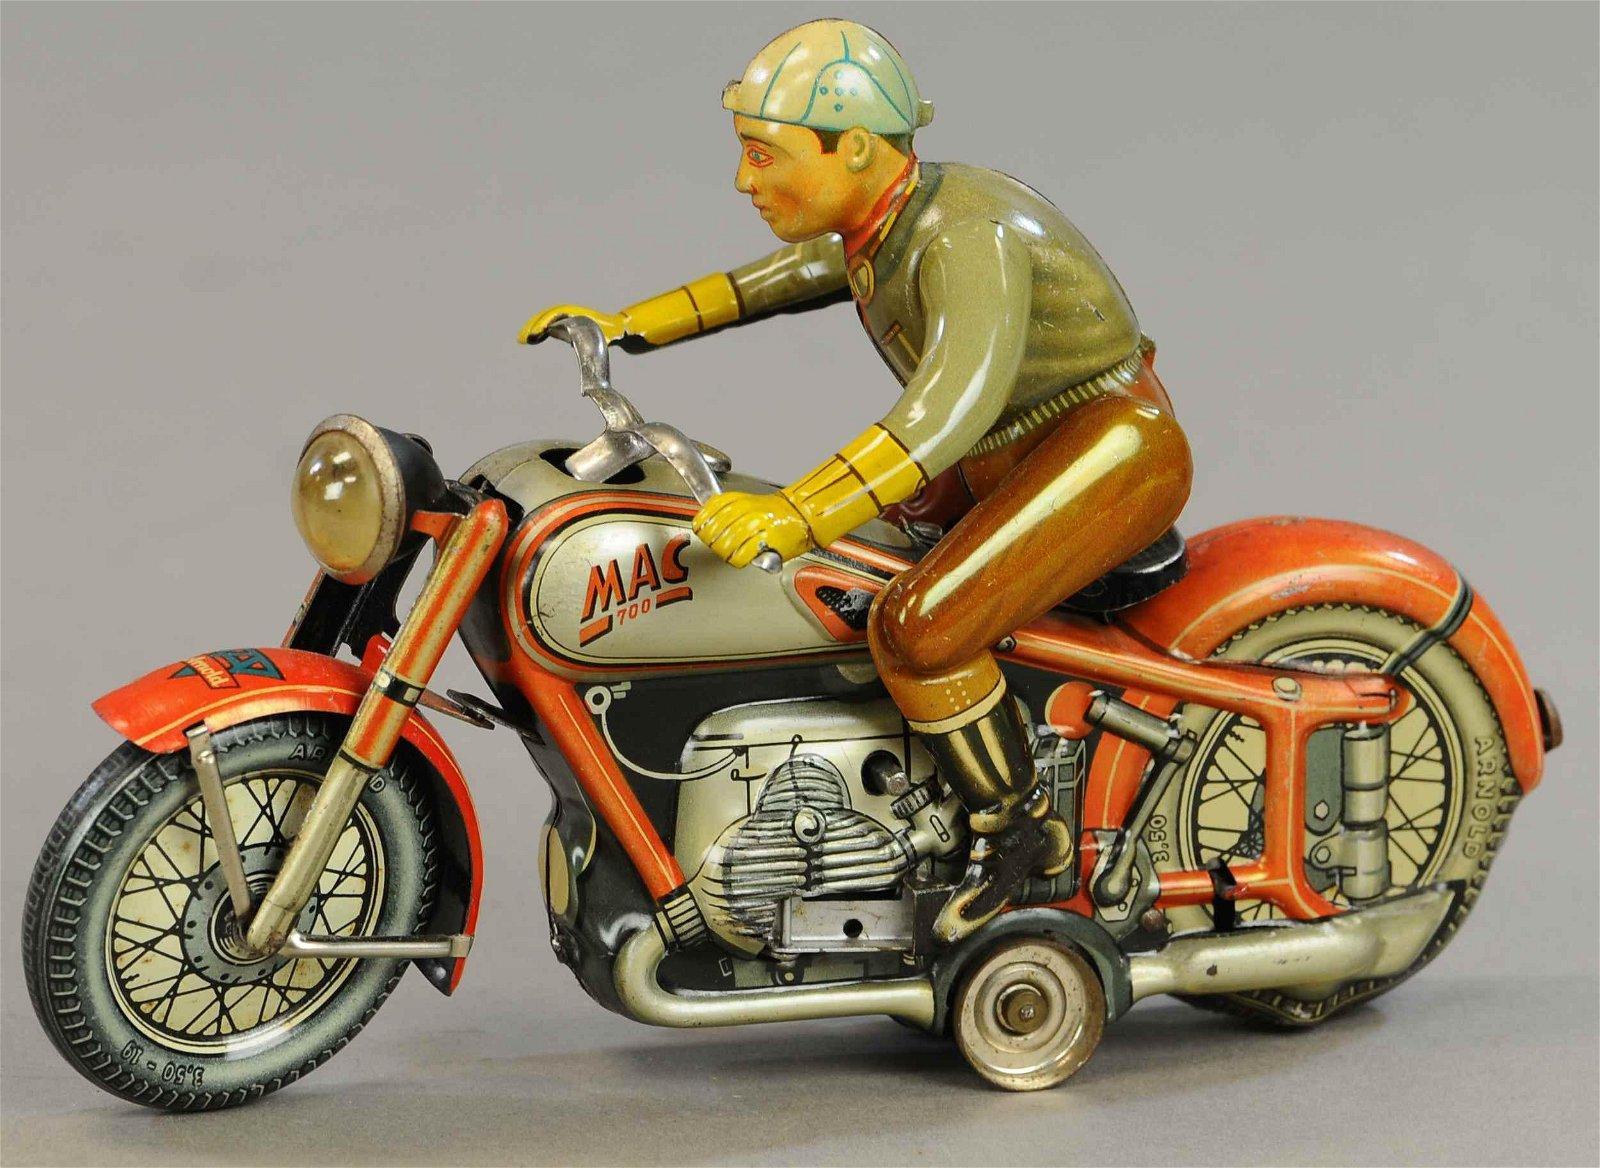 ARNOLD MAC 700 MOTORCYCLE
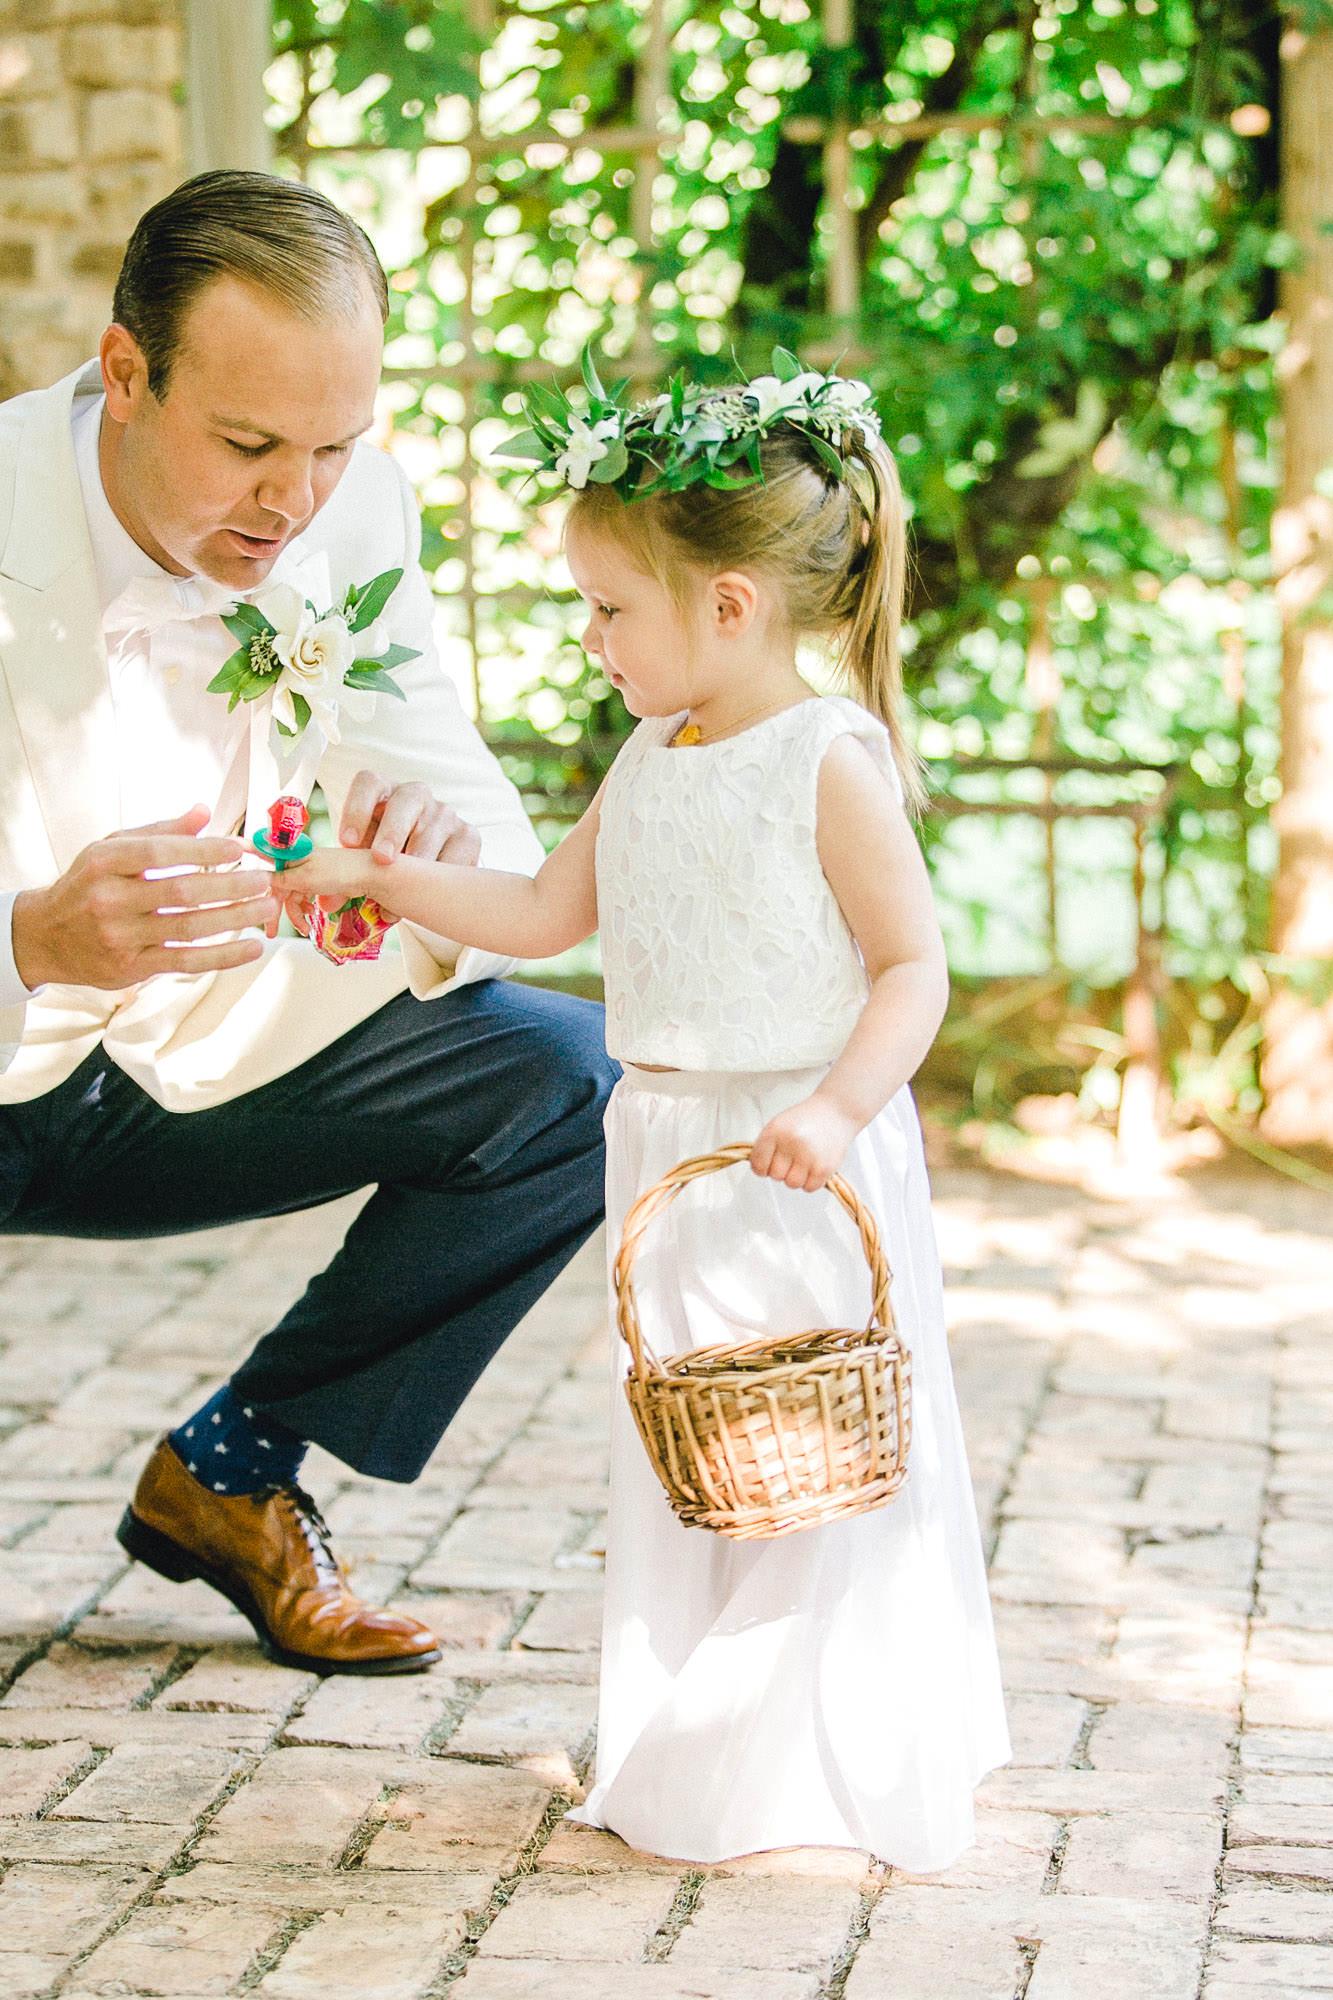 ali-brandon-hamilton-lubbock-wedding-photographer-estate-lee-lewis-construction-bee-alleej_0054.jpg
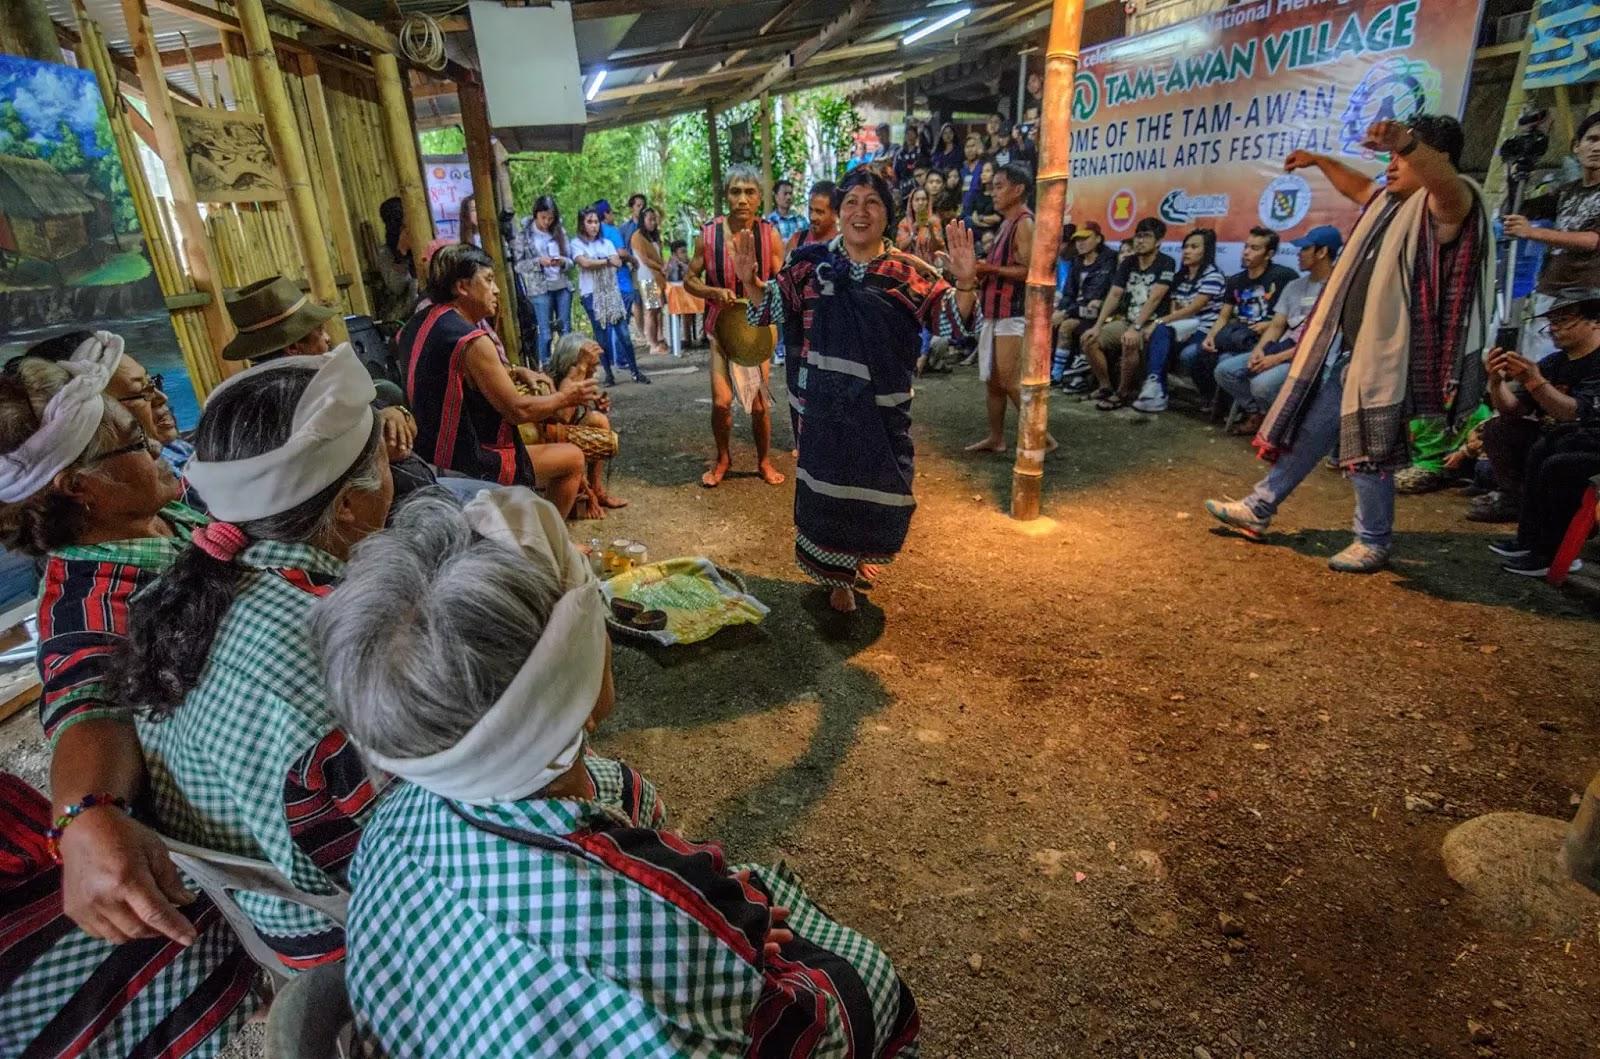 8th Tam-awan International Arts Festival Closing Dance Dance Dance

→ What is needed: Repeat the listing in full and exactly. Leave any pictures out.

→ Output below:
 ARNOLD MAC 700 MOTORCYCLE
 ali-brandon-hamilton-lubbock-wedding-photographer-estate-lee-lewis-construction-bee-alleej_0054.jpg
 8th Tam-awan International Arts Festival Closing Dance Dance Dance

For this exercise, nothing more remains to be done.